Source: Impossible

Blue Horizon is in early discussions with investors about raising a $750 million growth equity fund, New Private Markets has learned.

The private equity firm, which focuses on investments in the food system, raised its first fund – a $20 million seed funding vehicle – in 2016 and raised a $220 million venture capital fund in 2018.

Its first growth capital fund, the 2019 BH Growth 1, is not a conventional blind pool fund, but a roll-up of seven businesses focused on plant-based protein. Blue Horizon initially invested $200 million into The LiveKindly Collective, as the vehicle is called, and in March this year raised an additional $335 million from a group of institutional investors led by TPG’s Rise Fund. The LiveKindly Collective is understood to have a net asset value of circa $1 billion, according to a source with knowledge of the situation.

For its second growth fund, BH Growth 2, the firm is targeting returns of more than 3x invested capital and has had initial conversations with investors, the source said. It has already made two warehoused investments for the fund. In September it invested in AgBiome, which produces crop protection products from natural sources, alongside Novalis LifeSciences. It is also understood to have participated in June in a series B funding round for Motif, which makes additives to improve the texture of plant-based protein, alongside Ontario Teachers’ Pension Plan Board, BlackRock and others.

Blue Horizon declined to comment on any elements of this story.
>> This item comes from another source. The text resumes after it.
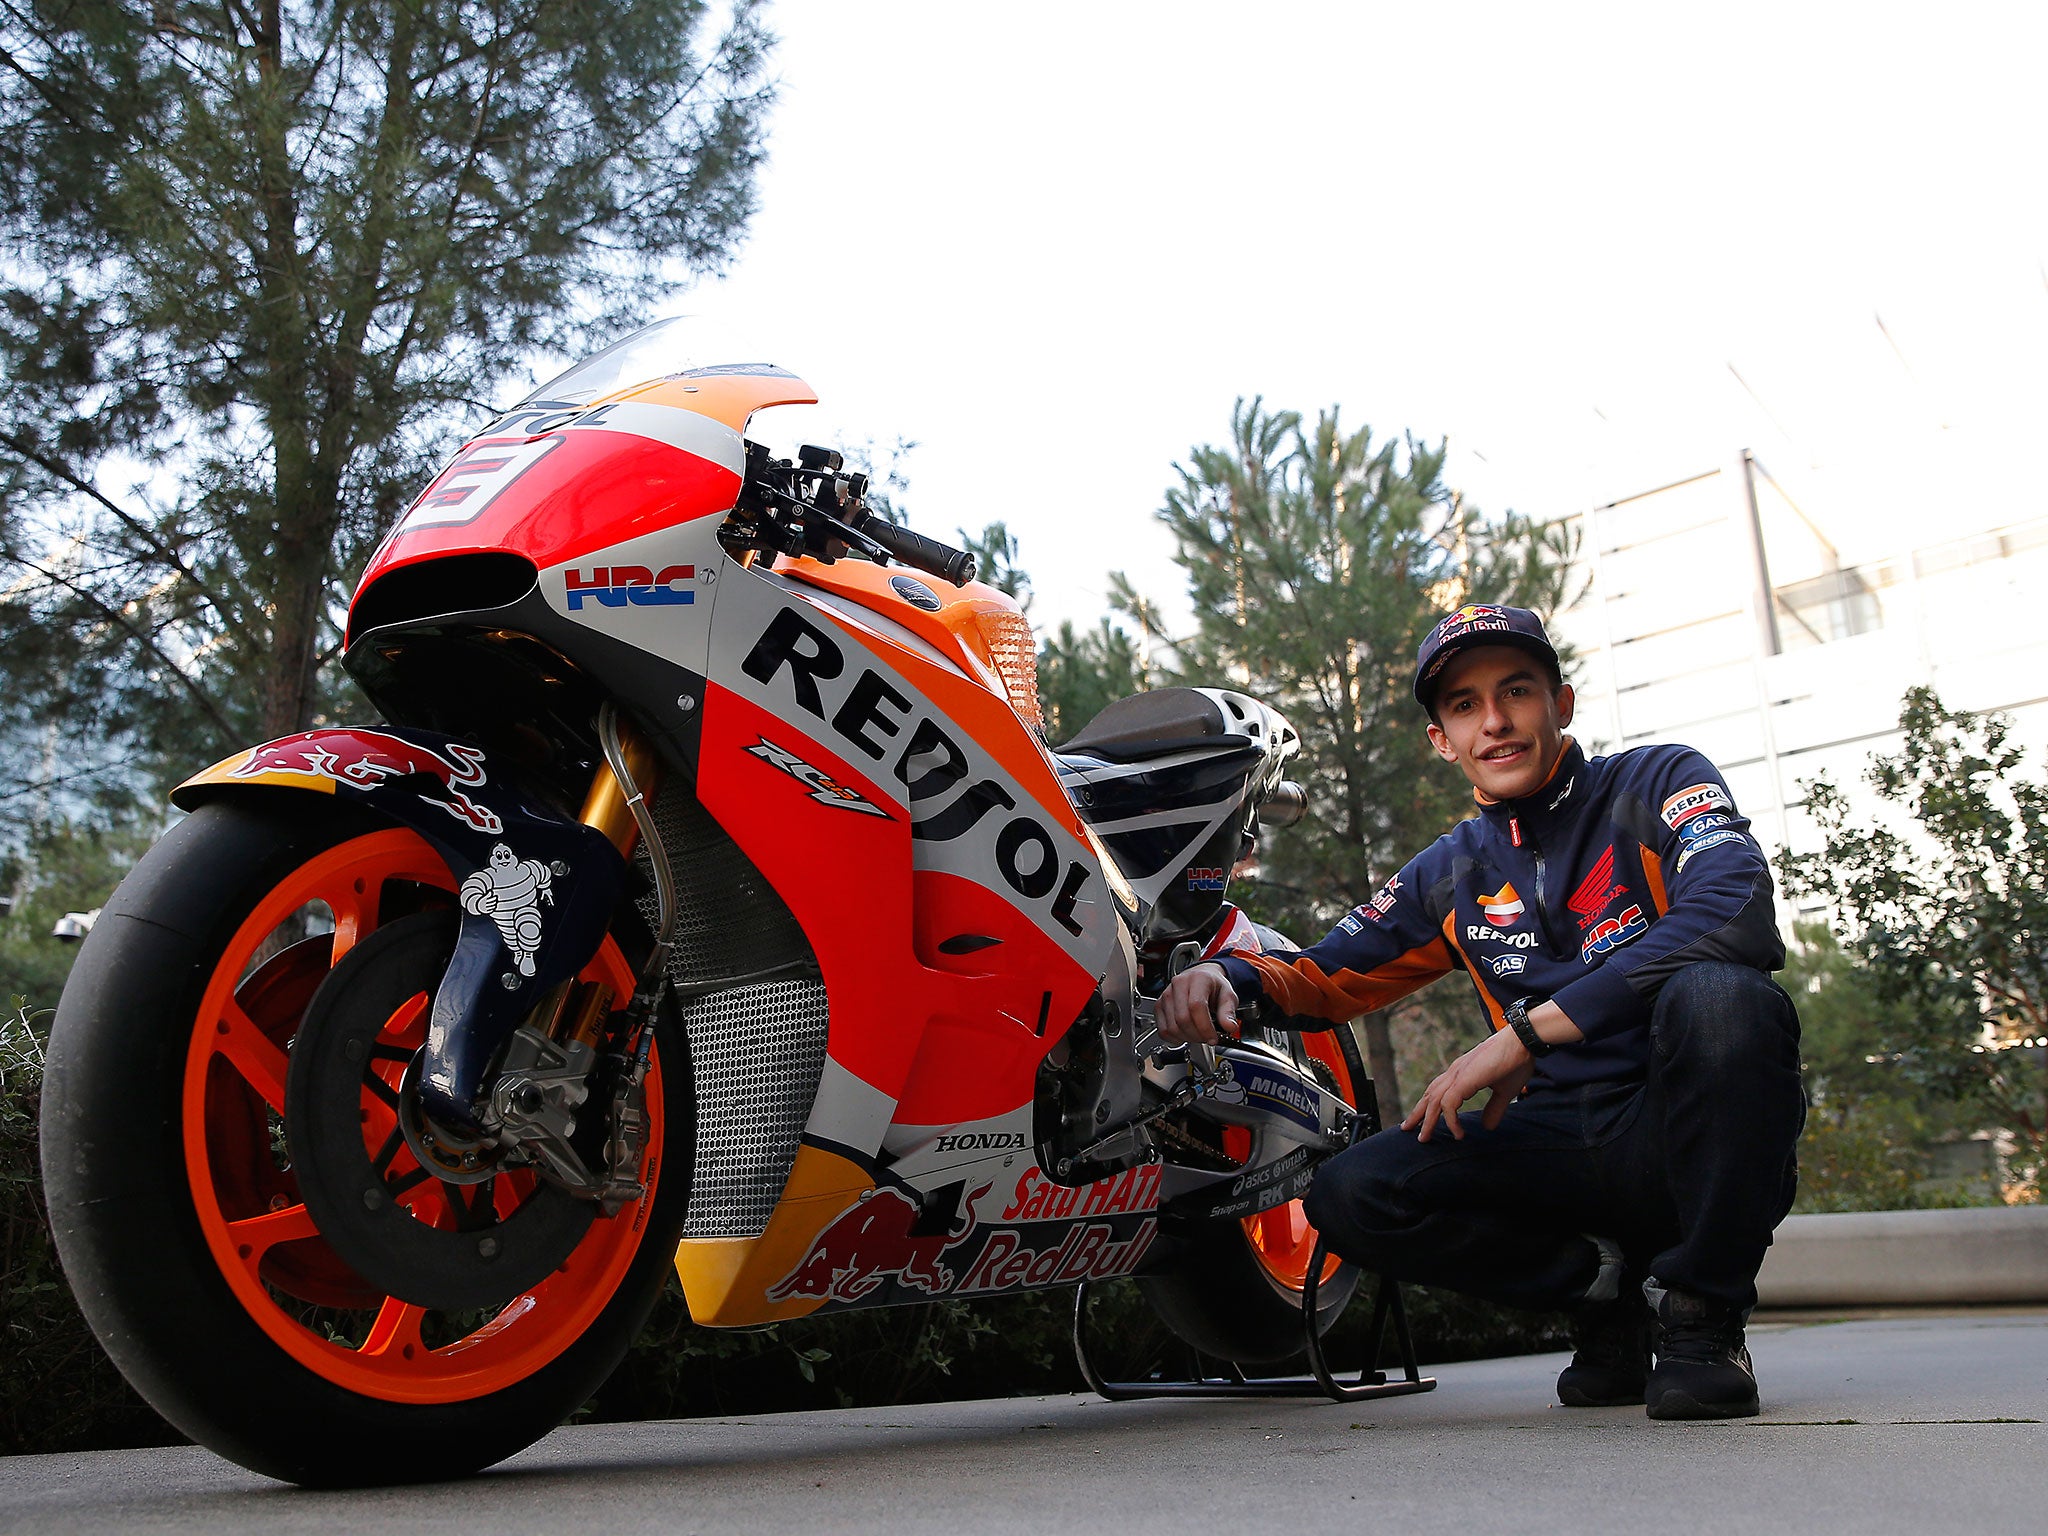 Marquez will attempt to retain his world championship with Repsol Honda in 2017
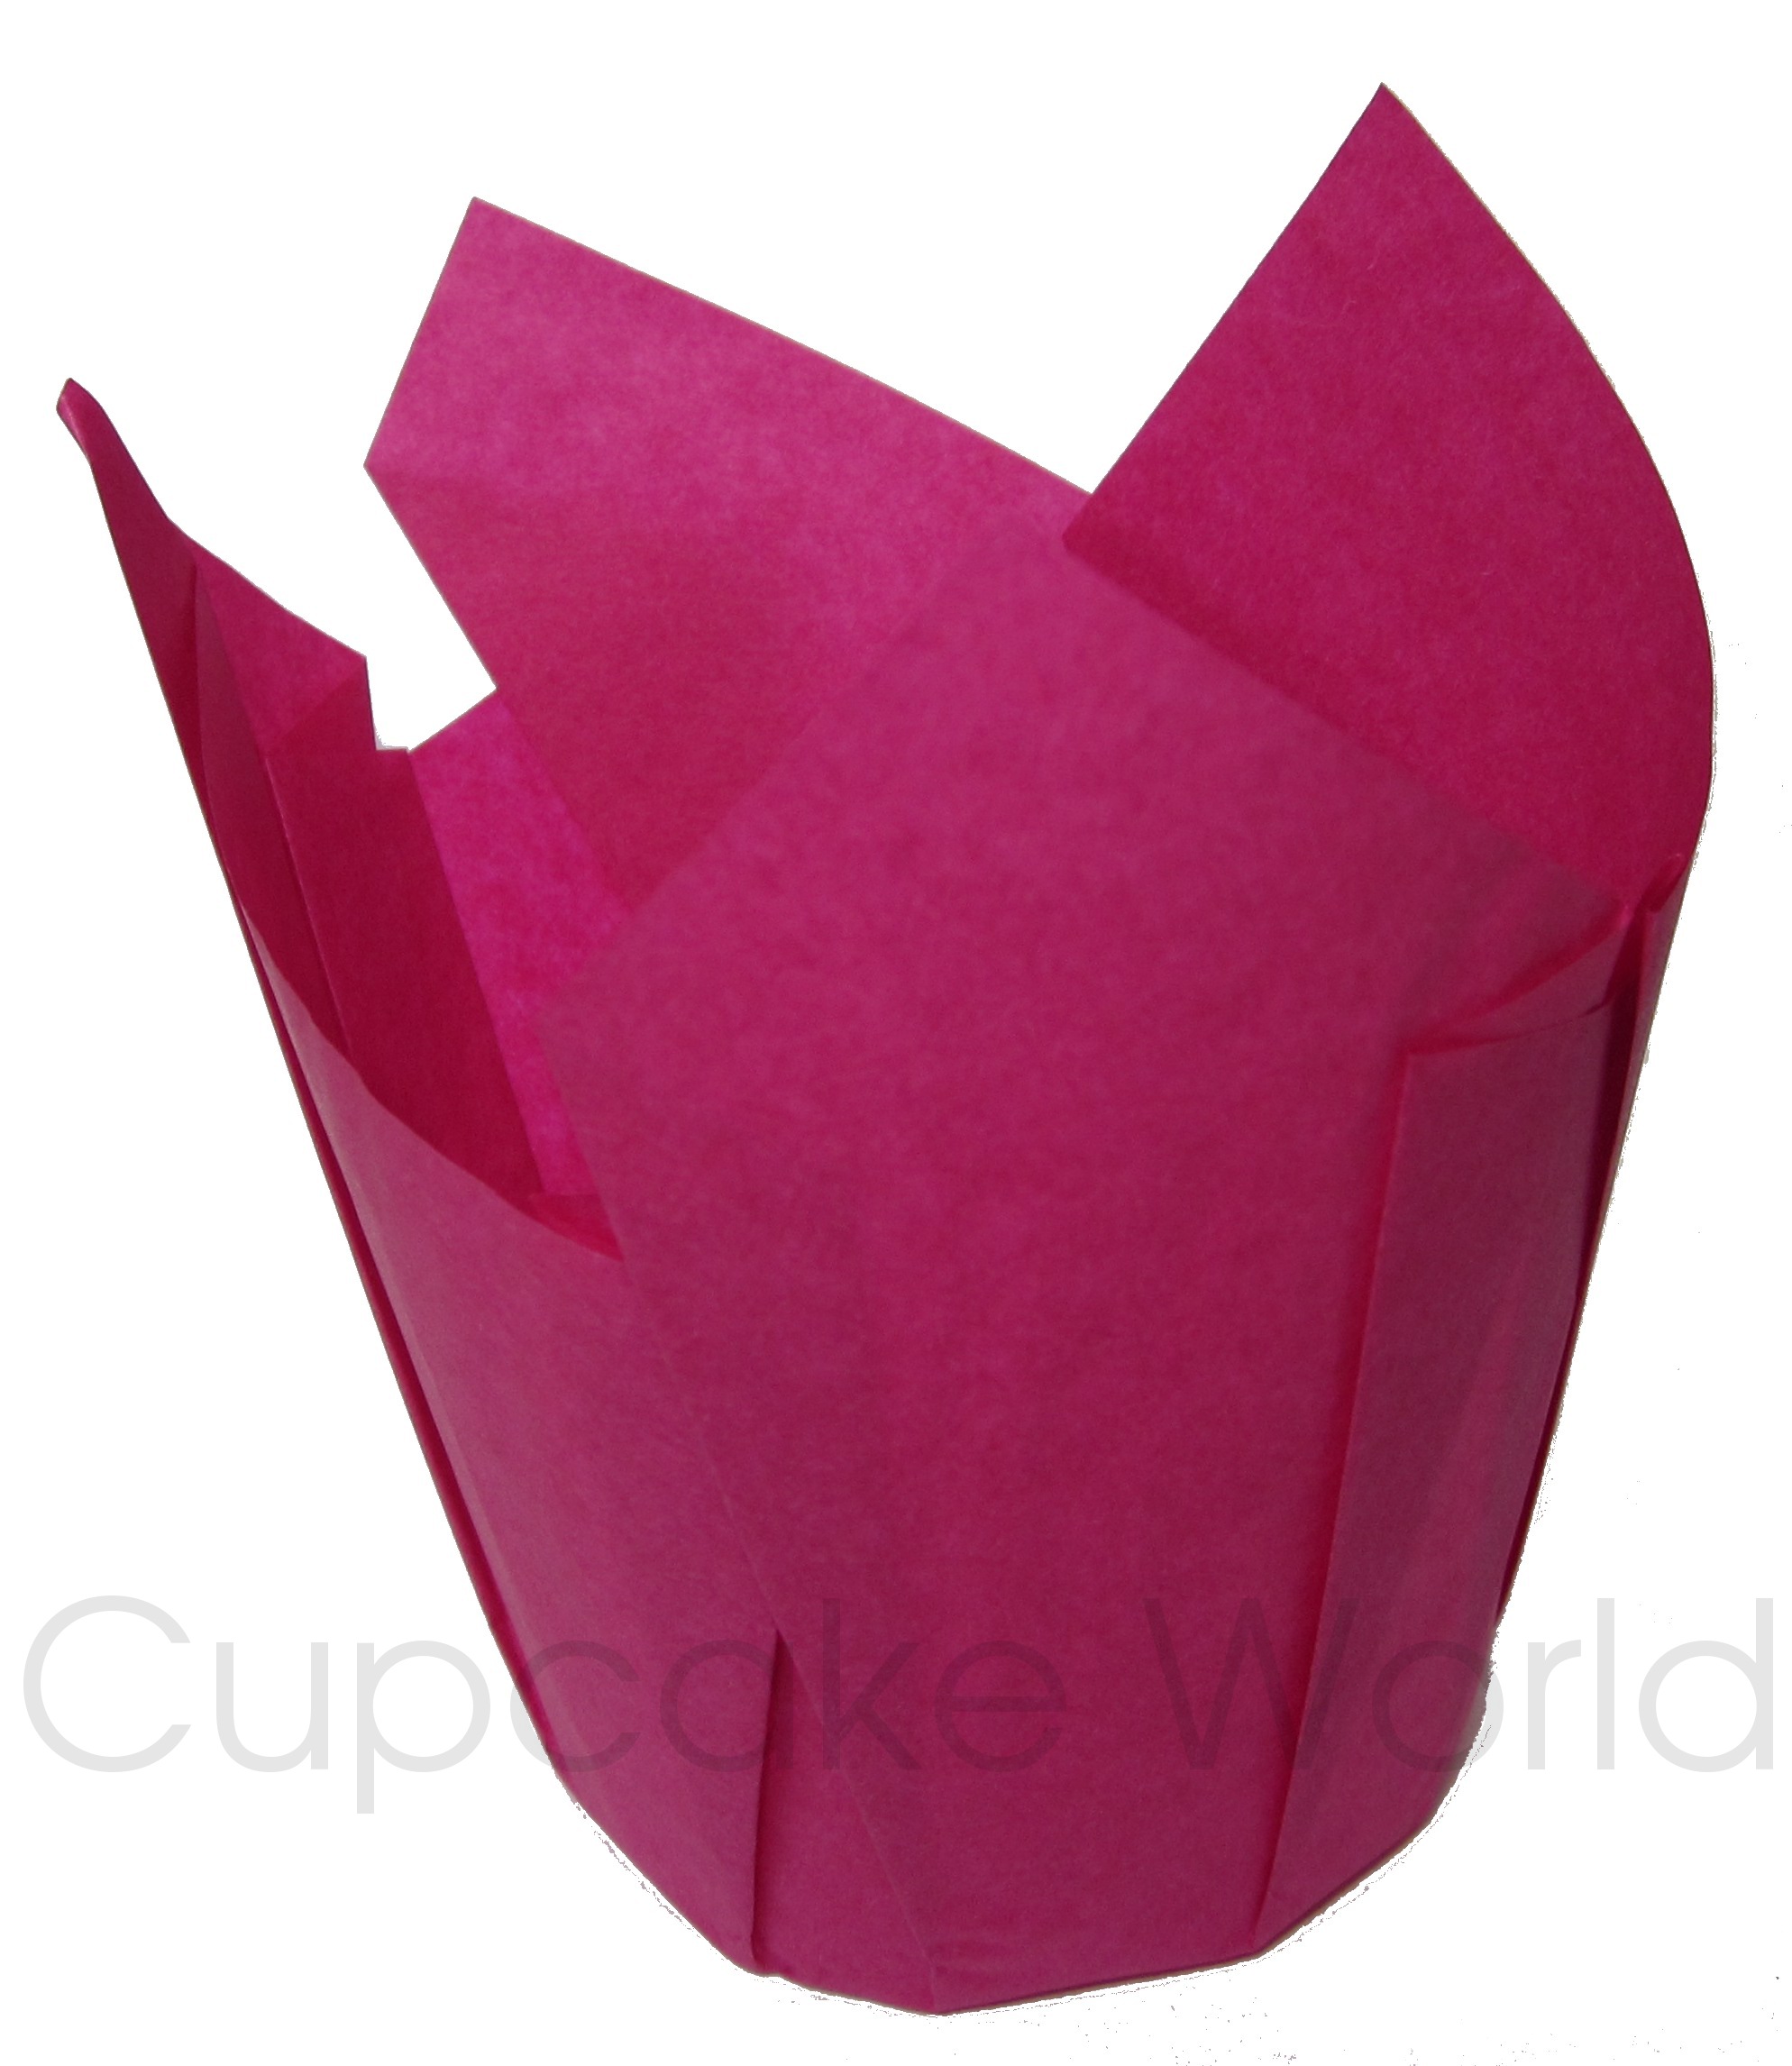 100PC CAFE STYLE HOT PINK PAPER CUPCAKE MUFFIN WRAPS STANDARD - Click Image to Close

The firm is led by four managing partners with a mix of industrial and private markets backgrounds. Björn Witte, Blue Horizon’s CEO, has held leadership positions within the food and agriculture sector. CIO Przemek Obloj joined Blue Horizon from Canadian pension investor PSP Investments, having previous held positions at CVC Capital Partners and EQT. Sedef Koktenturk , COO and head of impact, is a former director from Generation Investment Management. Michel Hirschi, CFO, has held finance positions across technology and industrials businesses. In October, Blue Horizon hired Partners Group’s global head of legal Ela Musat as general counsel.

The firm describes itself as “a pure play impact investor in the future of food”. The growth fund will be an Article 9 fund under the EU SFDR regulations, meaning it has sustainability as an objective.

A large part of Blue Horizon’s focus has been on the alternative protein sector, which could be worth as much as $290 billion by 2035, according to study the firm undertook with consultancy BCG. With the likes of the AgBiome investment, it has also started investing in food production systems across the food value chain.